The council appears divided on whether to switch to a single-sorting system right away or participate in a one-year pilot program first.
Such a system would allow residents to put all recyclables into one container rather than separating paper from plastic and bottles, which is called for under the current system. Instead of 18-gallon containers, households would receive a 64-gallon bin for all their recyclables. This would allow more materials to be recycled per household.
In fall 2002, the city entered into a three-year agreement with Waste Management to continue the current recycling program with some provisions. Under the plan, Waste Management would conduct a free pilot program of the single-stream service. If the city tried the pilot program and decided to change to single-sort, it could then add an additional two years to the contract.

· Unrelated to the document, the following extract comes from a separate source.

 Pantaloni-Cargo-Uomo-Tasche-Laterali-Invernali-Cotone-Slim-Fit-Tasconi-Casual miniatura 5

However, Mayor John Kysylyczyn since has said he wants to proceed with the single-sorting program without a test run. Kysylyczyn, who voted for the current contract and its provisions, said he has seen evidence the single-stream service system works well in several cities. He said participating in a pilot program would require money that does not need to be spent.
Gary Boyum, municipal marketing manager for Waste Management, said it would save residents 23 cents per home a month to forgo the pilot program.
Waste Management started implementing its new single-sorting system in January 2002. Since then, 24 cities in the metro area have signed up for it.
City Council members Craig Klausing and Dean Maschka say they want to stick with the original contract and apply the pilot program option. Council Member Tom Kough says he is in no rush to change the current contract. Council Member Greg Schroeder said he wants to move to the single-sorting system without a pilot program because of the savings.
Though going straight to single-sort rather than first using a pilot program would save money, sticking with the current recycling program would be cheaper than single-sort.
Roseville communications specialist Tim Pratt said Roseville's 9,300 households would spend about 21 cents more a month if the city switched to a single-sorting system. Currently, residents pay $2.05 a month for recycling services, an amount expected to increase to $2.11 a month in 2004.
If the city does vote for single-sort and residents have to pay more, Klausing and other City Council members say they want to look into ways the city could get a share of the revenue.